Project Overview

Talk about what a Cas9-CRISPR complex could do.

How can Cas9 be delivered to infected cells?

Typical methods for delivery of Cas9 into cell cultures include electroporation, nucleofection, and lipofectamine-mediated transfection. However, all of these methods merely work for in vitro delivery of Cas9, and not in vivo (delivery to cells in live organism). We need a delivery system that can transport this protein directly to infected cells.
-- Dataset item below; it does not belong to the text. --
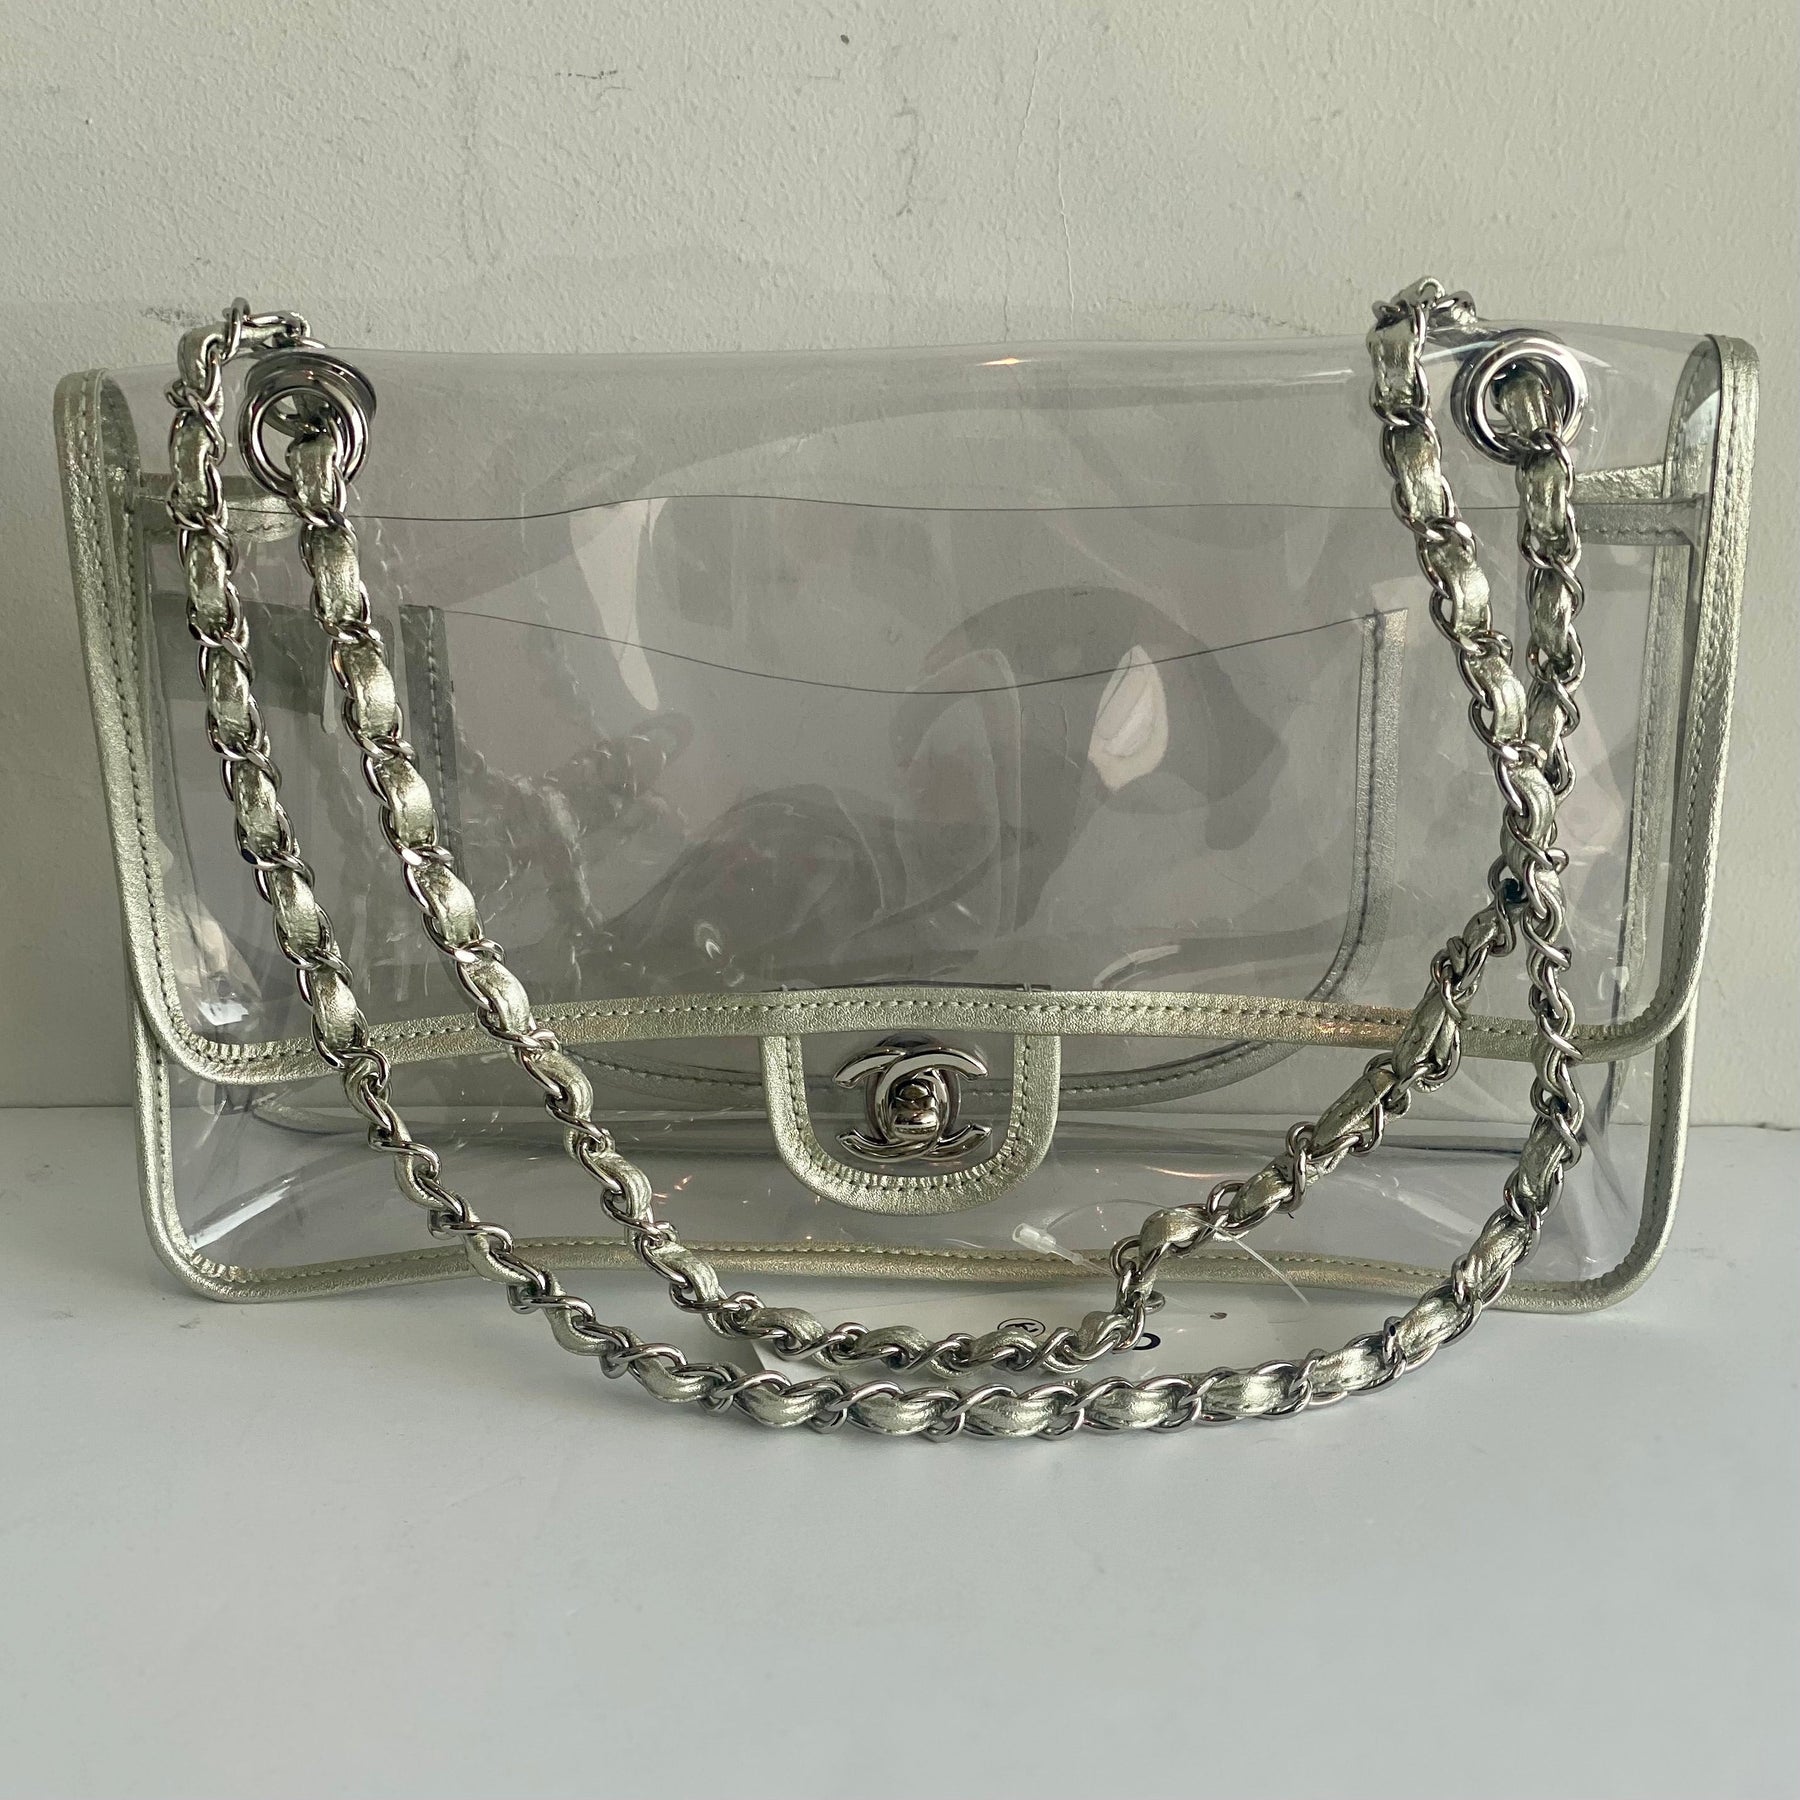 Chanel Clear 2.55 Reissue Transparent Classic Single Flap Shoulder Bag Front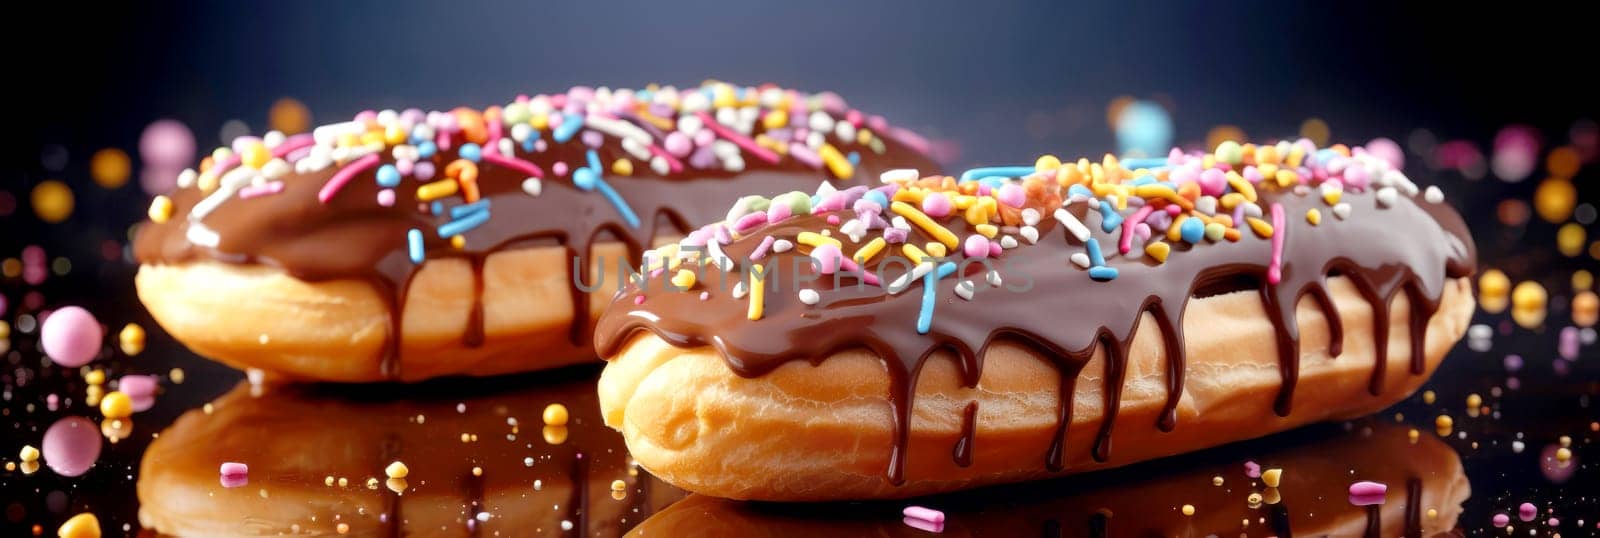 Chocolate Glazed Donuts with Sprinkles by ugguggu

Two common in vivo methods for Cas9 delivery are viral vectors and hydrodynamic injection. The latter of these two methods resulted in both liver and cardiovascular damage to mice, and therefore does not seem to be a viable delivery methods for humans. Bacteriophages as vectors, on the other hand, are efficient in their delivery and expression of genes, but fall short in their size limitations and their potential to harm the immune system of the host, or the potential of the host’s immune system to eradicate the phages.⁽¹⁾ Therefore, there is a growing potential for the use of non-viral vectors for the in vivo delivery of Cas9. Thus, we decided that OMVs are the simplest, most viable option for non-viral lipid-based vectors.

What are OMVs?

An OMV, or outer membrane vesicle, is a spheroid made up of the outer membrane material of a Gram-negative bacterium and filled with periplasm. OMVs have a wide variety of functions and, by pinching off from the cell, can move independently from the host and facilitate cell-cell communication in order to regulate bacterial colonies or remove toxic compounds.⁽²⁾

Our Project

To begin, our team is going to start with a particular strain of E. coli, JC8031, that is genetically engineered to be hyper vesiculating, that is, constantly creating OMVs from its outer membrane. These bacteria will be introduced with a plasmid that will allow the cell to metabolically create the Cas9 protein with an added protein that will signal the transportation and secretion of Cas9 through the inner membrane and into the periplasm. Here we will take a sample and test for the existence of Cas9 in the periplasm using fractionation– lysing only the outer membrane of the cell.

Once we have confirmed that the Cas9 has been introduced into the periplasm, the Cas9 protein will exit the cell via an OMV. The team will then separate the OMVs from the original cells using ultracentrifugation. [Here we will somehow test the OMVs for the presence of Cas9 using a chemical or enzyme to test for activity, both when the OMVs are sealed, and when the OMVs are lysed. That way we know that the Cas9 is INSIDE the OMV, and not merely attached to the surface.] Once the presence of Cas9 in the OMVs has been confirmed, the OMVs will be introduced to a strain of E. coli (DH5-Alpha) with a gene for antibiotic resistance: the same gene that the Cas9 protein will have been programed to cut. When introduced, the OMVs will fuse with the target cell, and the Cas9 will be introduced to the periplasm of the antibiotic resistant bacteria. [Here we are unsure whether or not we need to program the OMVs to target the new cells, or whether or not this will happen naturally. Also, once the Cas9 makes it to the periplasm of the new cell, we are not sure how this will cross the inner membrane into the cytoplasm.]

With regards to the gRNA of the Cas9 complex, we do not yet know where/if we are going to introduce it. The first option is the somehow create the gRNA and the Cas9 in the same cell and hope that it forms a complex before the Cas9 is secreted. However, this does not seem particularly efficient, and it will become difficult to test for this. The second option is to introduce the gRNA to the OMVs once the Cas9 is confirmed to be enclosed inside them. However, we do not know how to do this. Electroporation is not a viable option, because it will destroy most of the OMVs. The more likely candidate would be via chemical inoculation with CaCl2 or RbCl. The final option is to introduce it into the target cell separately from the Cas9. This could be done either by creating separate OMVs for the gRNA, or by transforming the target cells with the gRNA. (Electroporation? Chemical inoculation?).

One problem that must be overcome before this project is successful is the trouble of getting the gRNA across the inner membrane of the target bacteria. Even if we introduce the gRNA via OMVs, this will only put the RNA in the periplasm, with no method or reason for it to travel into the cytoplasm, and thus target the gene for antibiotic resistance.